Keywords

These keywords were added by machine and not by the authors. This process is experimental and the keywords may be updated as the learning algorithm improves.

1 Introduction and Motivation

Geographical information systems (GISs) are important tools for decision support in various fields like civil planning, emergency management, agriculture or environment and nature protection. While the amount of data with a geographic context is increasing due to improved sensor technology and data created by mobile devices or users of social web applications, the reliability of these data may be uncertain and has to be evaluated when used in GIS. In addition, data values have different schemas to describe locations, like addresses, relative spatial relationships or different coordinates reference systems. Measured quantities and units that might be used for data values may also vary across data sources, leading to schema heterogeneity. In this approach, we use semantic Web technology to describe (i) data sources and data transformation services for GIS in a machine interpretable way. These semantic descriptions lay the foundation for (ii) composing workflows of data sources and data transformation services that fulfill different requirements of GISs on demand, even if these requirements are not known at design time. In addition, provenance information and uncertainty of data are modeled using semantic Web technologies, which allows to (iii) include volunteered geographic information (VGI) and participatory sensing data. We hypothesise that the increasing amount of geographic data will significantly improve the decision support of GIS, providing that a smart data integration approach considers provenance, schema and format of the gathered data accordingly. This leads to the following research questions:

  1. RQ1

    How does the integration of uncertain data like VGI and participatory sensing data improve the decision support in GIS in terms of accuracy, consistency and completeness?

  2. RQ2

    Are domain experts provided with the necessary provenance information in order to compare the processed values of heterogeneous data sources within the result set?

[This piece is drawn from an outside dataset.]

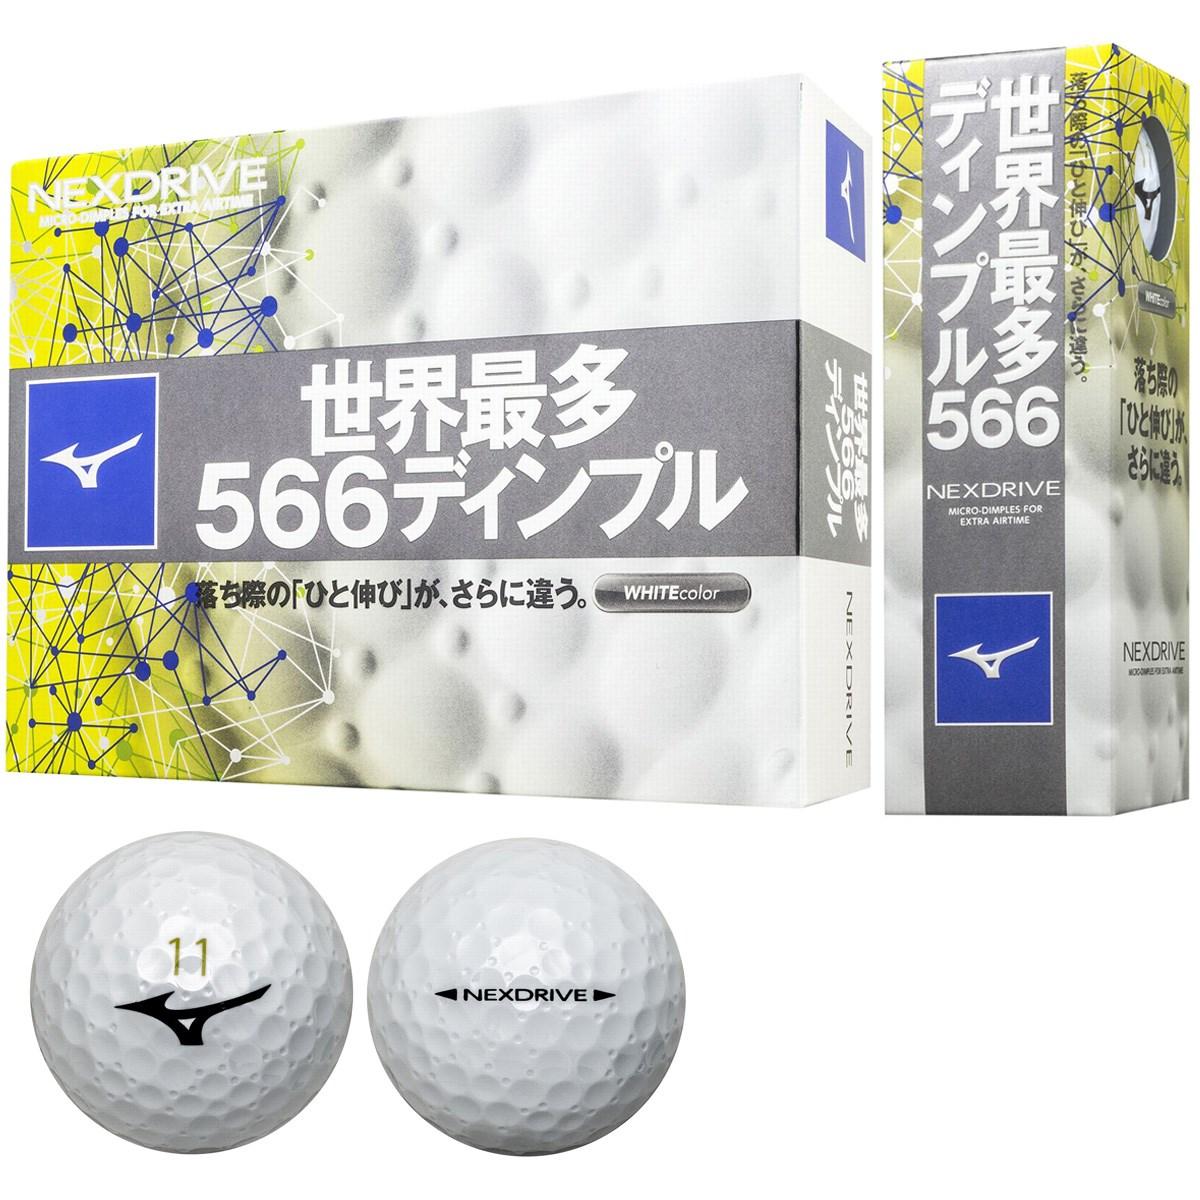 ミズノ MIZUNO ネクスドライブ ボール 1ダース(12個入り) ホワイト
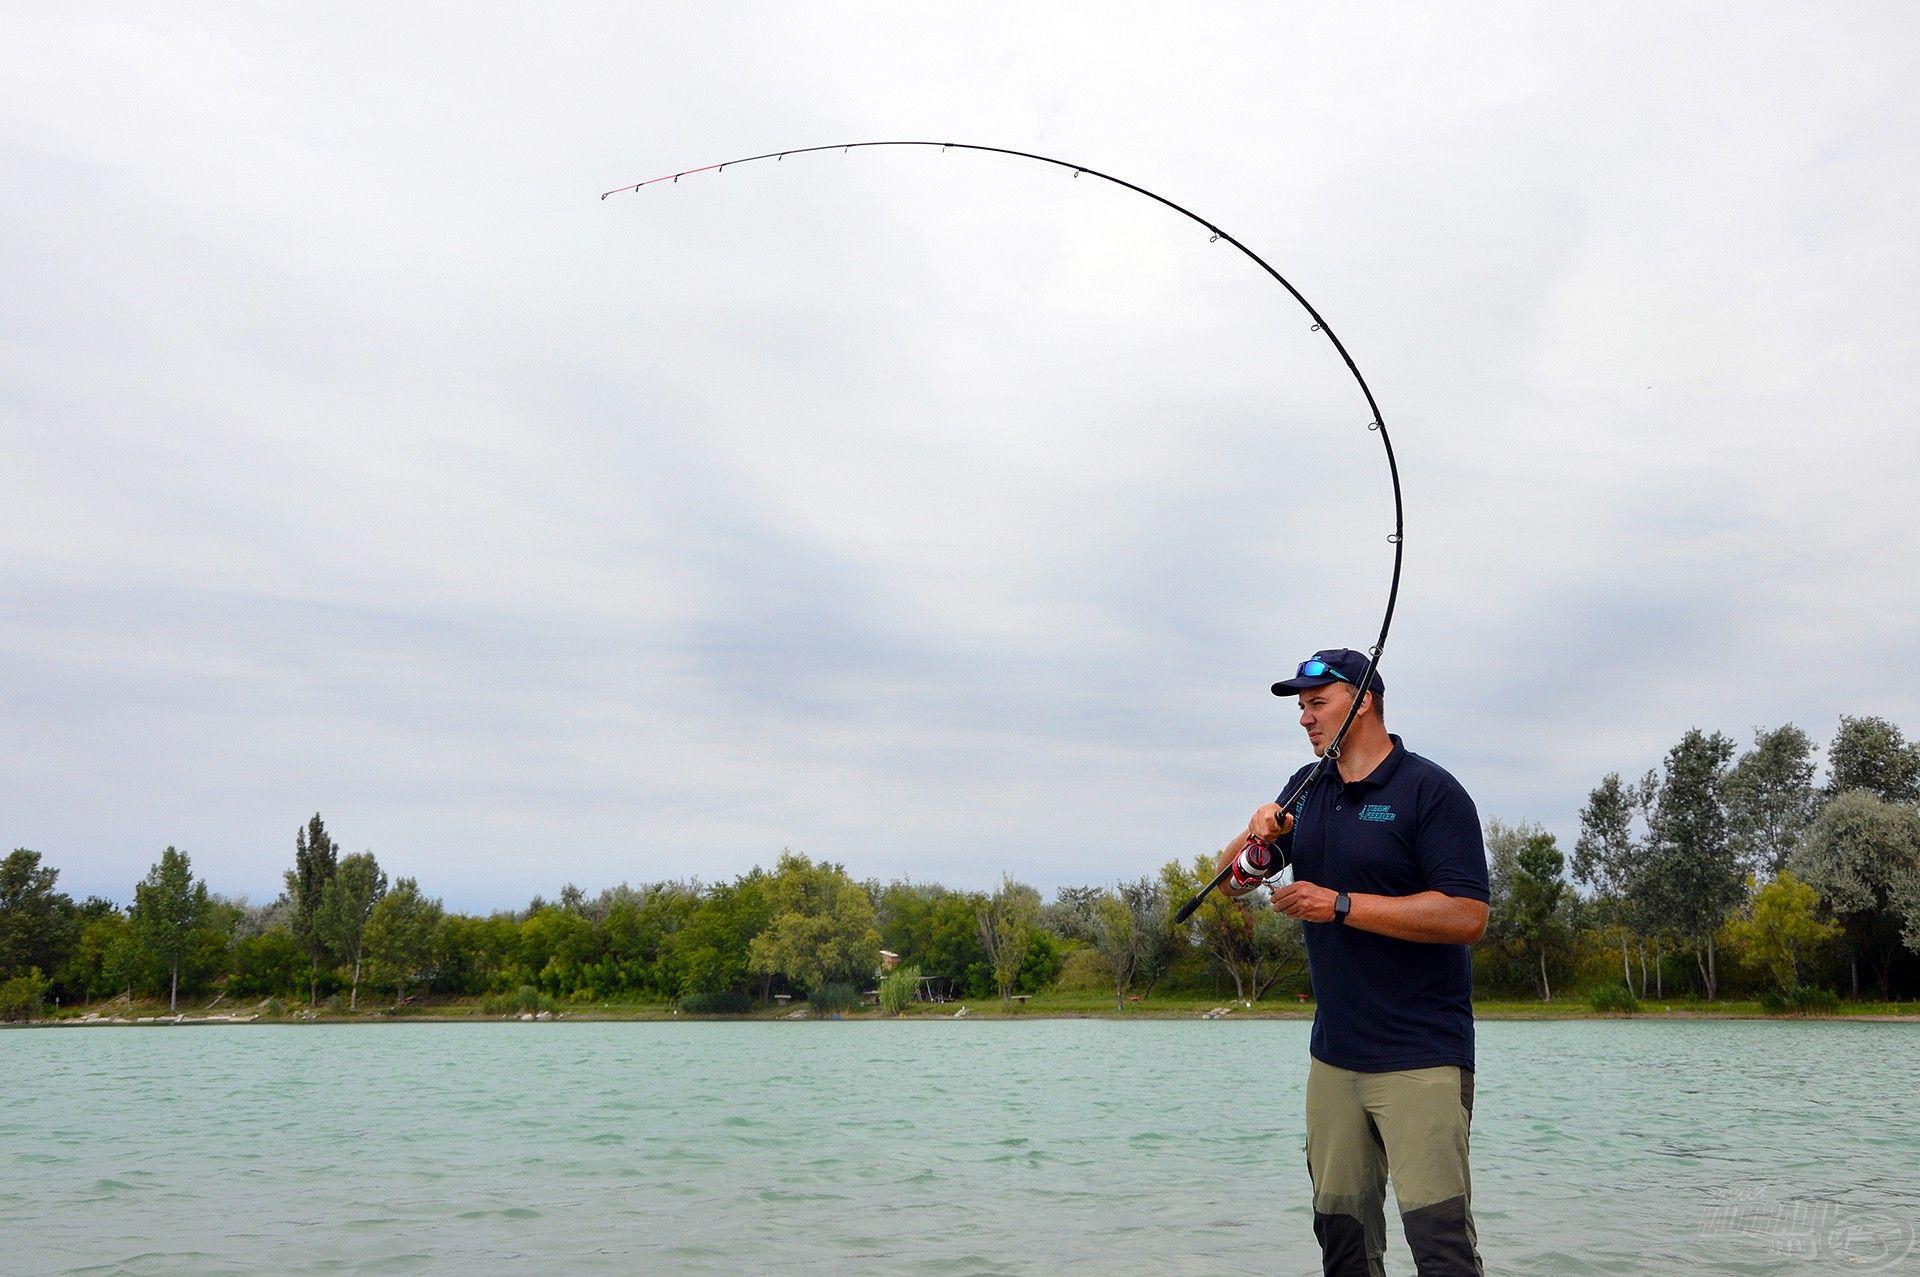 Putz Tamás kollégánk a nagyhalas feederhorgászat szenvedélyes művelője és szakértője

In Sect. 2, we discuss related work and state our aims and objectives in Sect. 3. We introduce our research methodology in Sect. 4 and conclude in Sect. 5.

2 Related Work

In this section we discuss related work on the topics of (i) data transformation and interoperability of GIS, (ii) semantic workflow composition and (iii) integration of VGI and participatory sensing data.

2.1 Data Transformation and Interoperability of GIS

Transforming data from heterogeneous data sources into a unified schema and the interoperability of distributed systems is still an ongoing research topic where web services are commonly used for converting data. Kaempgen et al. [5] presented OLAP4LD, a framework for developers of applications over Linked Data sources reusing the Resource Description Framework (RDF) Data Cube Vocabulary. The Quantities, Units, Dimensions and Data Types Ontologies (QUDT)Footnote 1 can be used as a common standard for describing units and their conversation. In the context of GIS, transformation of spatial data across different coordinates reference systems was addressed by Atemezing et al. [1] which have published a dataset dedicated to the description of coordinates reference systems defined and maintained by the French national mapping agency. Similar requirements are also given for the Gauss-Krueger coordinates reference system used by national agencies in Germany. Li et al. [10] reported on their efforts to design and develop a geospatial cyberinfrastructure for urban economic analysis and simulation using a service-oriented architecture to allow widespread sharing and seamless integration of distributed geospatial data. For the interoperability of spatial data observed by sensors, the World Wide Web Consortium (W3C) Semantic Sensor Network Incubator Group introduced the Semantic Sensor Network (SSN) ontologyFootnote 2 for describing sensors and observations.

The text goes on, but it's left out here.